→ Collected material
──────────────────────────────

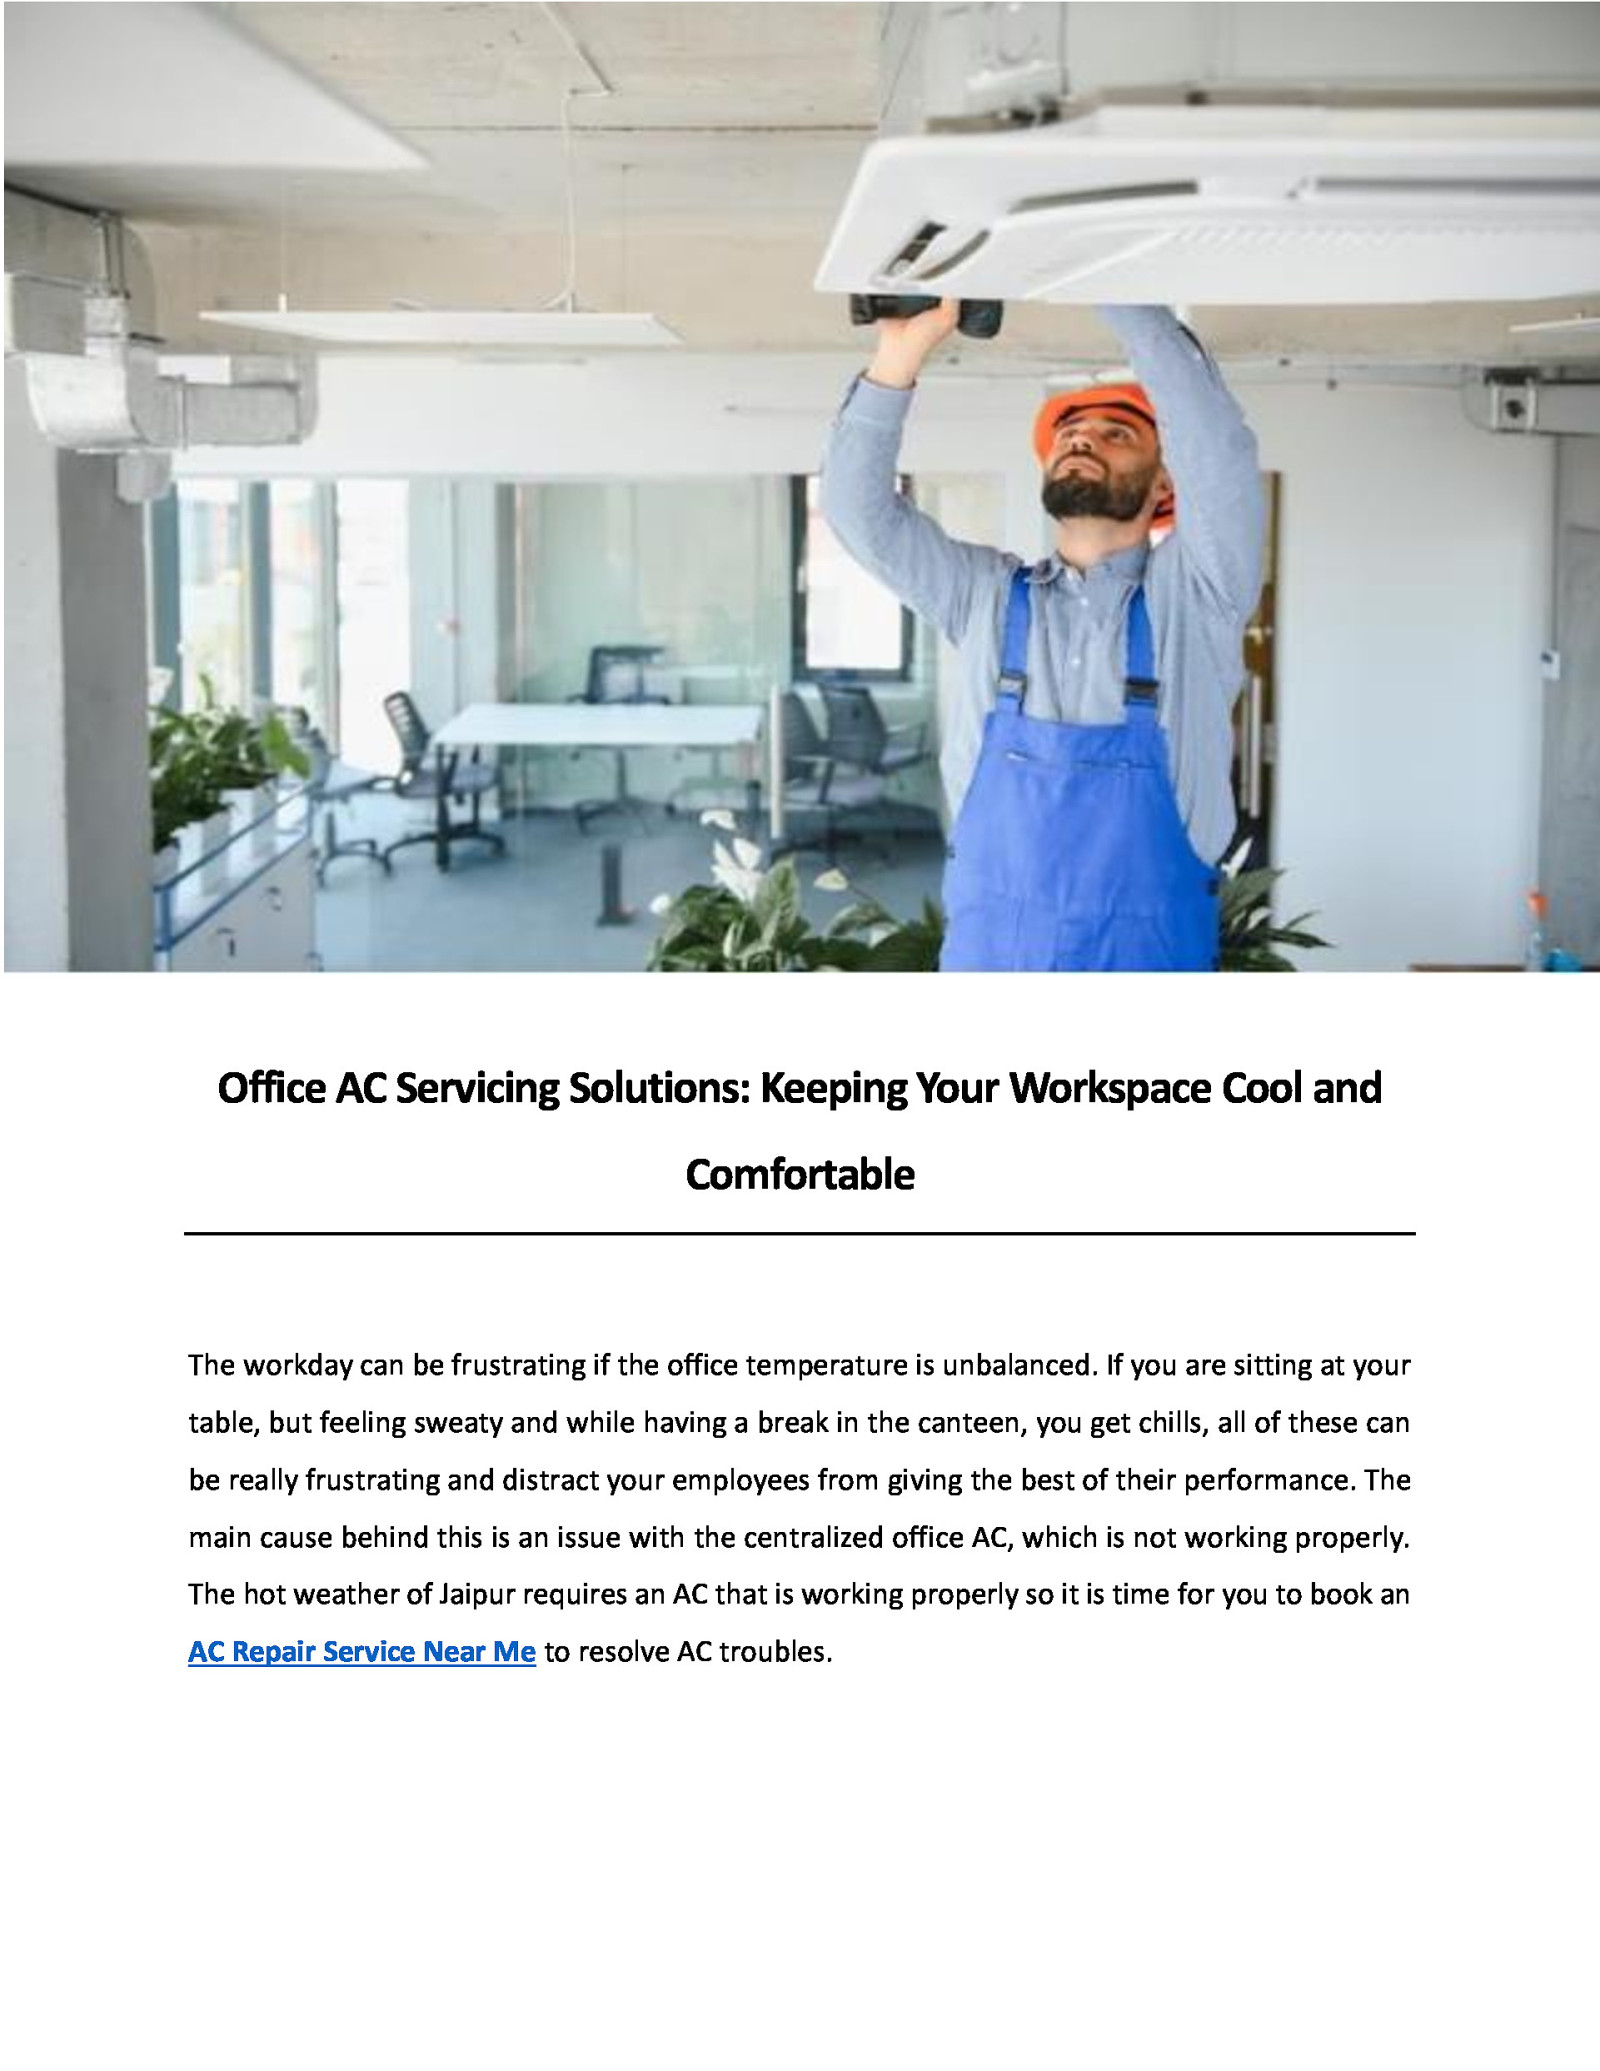 Office AC Servicing Solutions: Keeping Your Workspace Cool and Comfortable
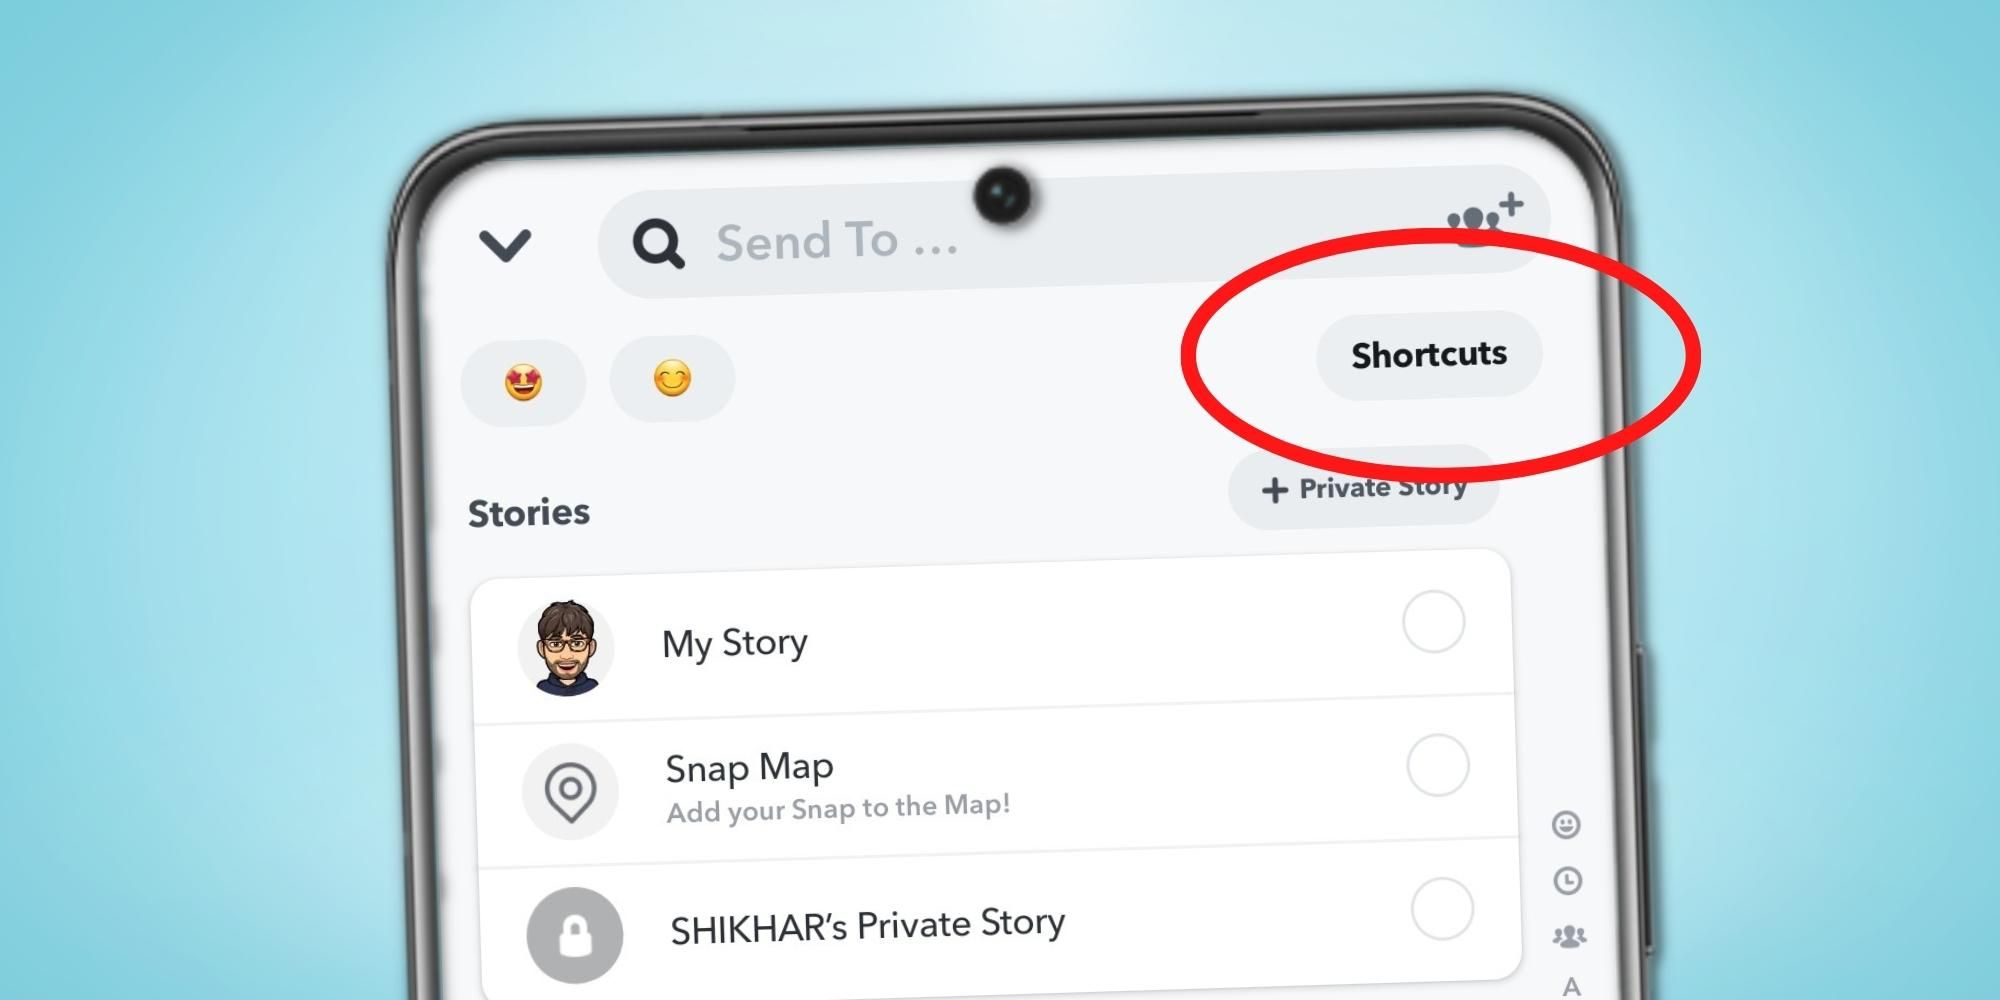 How To Create Shortcuts On Snapchat For Friends & Groups
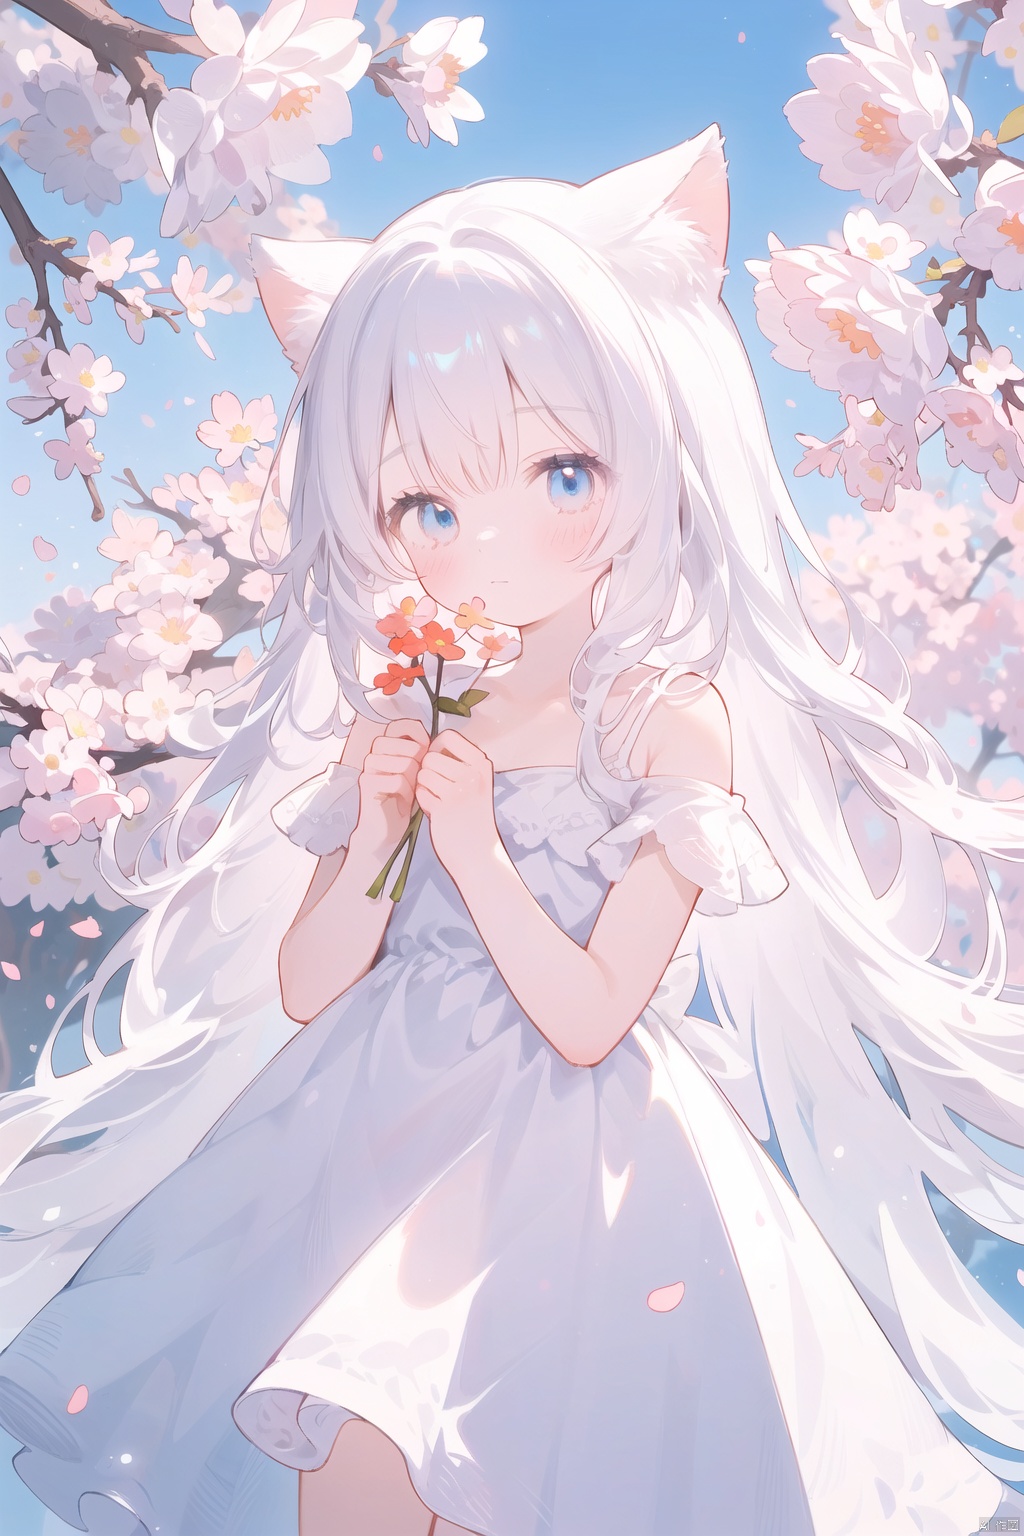 The image features a beautiful anime girl dressed in a flowing white and red dress, standing amidst a flurry of red cherry blossoms. The contrast between her white dress and the red flowers creates a striking visual effect. The lighting in the image is well-balanced, casting a warm glow on the girl and the surrounding flowers. The colors are vibrant and vivid, with the red cherry blossoms standing out against the white sky. The overall style of the image is dreamy and romantic, perfect for a piece of anime artwork. The quality of the image is excellent, with clear details and sharp focus. The girl's dress and the flowers are well-defined, and the background is evenly lit, without any harsh shadows or glare. From a technical standpoint, the image is well-composed, with the girl standing in the center of the frame, surrounded by the blossoms. The use of negative space in the background helps to draw the viewer's attention to the girl and the flowers. The cherry blossoms, often associated with transience and beauty, further reinforce this theme. The girl, lost in her thoughts, seems to be contemplating the fleeting nature of beauty and the passage of time. Overall, this is an impressive image that showcases the photographer's skill in capturing the essence of a scene, as well as their ability to create a compelling narrative through their art.catgirl,loli,catgirl,white hair,blue eyes,

──────────────────────────────

→ What needs to be done
Write the data above out again exactly, minus its pictures.

→ Response box
 Office AC Servicing Solutions: Keeping Your Workspace Cool and Comfortable
 How To Create Shortcuts On Snapchat For Friends & Groups
 The image features a beautiful anime girl dressed in a flowing white and red dress, standing amidst a flurry of red cherry blossoms. The contrast between her white dress and the red flowers creates a striking visual effect. The lighting in the image is well-balanced, casting a warm glow on the girl and the surrounding flowers. The colors are vibrant and vivid, with the red cherry blossoms standing out against the white sky. The overall style of the image is dreamy and romantic, perfect for a piece of anime artwork. The quality of the image is excellent, with clear details and sharp focus. The girl's dress and the flowers are well-defined, and the background is evenly lit, without any harsh shadows or glare. From a technical standpoint, the image is well-composed, with the girl standing in the center of the frame, surrounded by the blossoms. The use of negative space in the background helps to draw the viewer's attention to the girl and the flowers. The cherry blossoms, often associated with transience and beauty, further reinforce this theme. The girl, lost in her thoughts, seems to be contemplating the fleeting nature of beauty and the passage of time. Overall, this is an impressive image that showcases the photographer's skill in capturing the essence of a scene, as well as their ability to create a compelling narrative through their art.catgirl,loli,catgirl,white hair,blue eyes,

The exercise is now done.